Universal Credit personal allowance has been increased by £20 a week, but still cuts benefits compared to before, through the five-week wait, loss of severe disability premium, the cut to disabled child element, and many other features.  Employment and Support Allowance has not been increased, which from April 2017 was already cut to JSA level for sick and disabled people in the Work-Related Activity Group (£74.35).  This is far below even the Statutory Sick Pay (£95.85) which people rightly complained is not enough to live on.  Neither has Carers Allowance been increased.  The government requires family carers to do 35 hours a week for £67.25 (England rate), while accepting care provided remotely.
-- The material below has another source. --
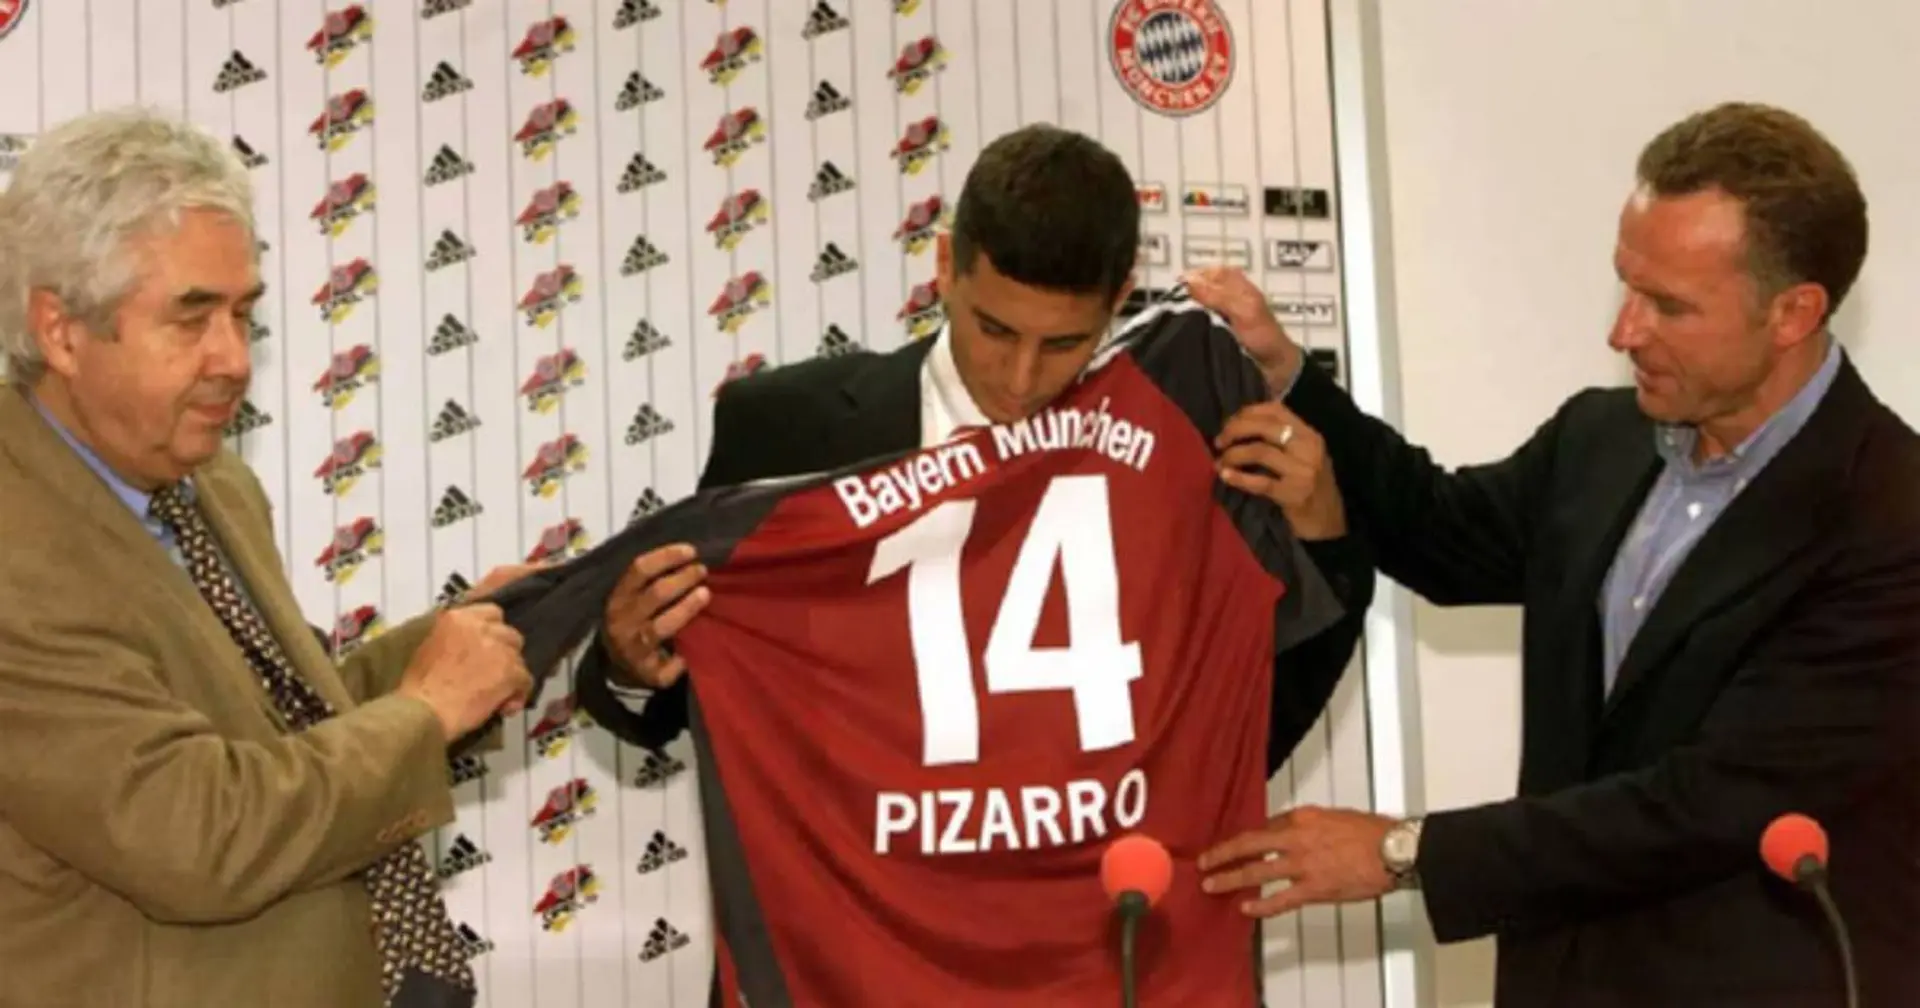 Claudio Pizarro wird 44: Er entschied sich einst gegen einen Wechsel zu Real und ging zu Bayern

Disabled women seeking asylum are barred from getting disability benefits.  Global Women Against Deportations (GWAD) highlights that though the government announced Section 4 support for “failed” asylum seekers, offering accommodation and financial support, many fear being at risk of deportation if they come forward.  Cristel Amiss from GWAD said: “It is a very genuine worry. . . that if they go to the state for help they can be a target down the line.  The virus is very quick at spreading and asylum seekers are in particularly difficult situations, usually in hostels with people from many different countries and backgrounds living close together.  Those that are on asylum support get just £37 a week and are often living in overcrowded asylum housing, sharing bathrooms and a kitchen which make it almost impossible to keep yourself safe and follow isolating rules.”

We are supporting the urgent demand for a Care Income Now! so that caring for people and the natural world – care work we do for ourselves and for others – becomes the priority. Scrapping HS2 (£106 billion) and Trident (£205 billion) would help fund this.

In the meantime we are supporting calls for immediate increases to disability benefits and to Child Benefit and urgent access to food, daily living support and medical treatment for all.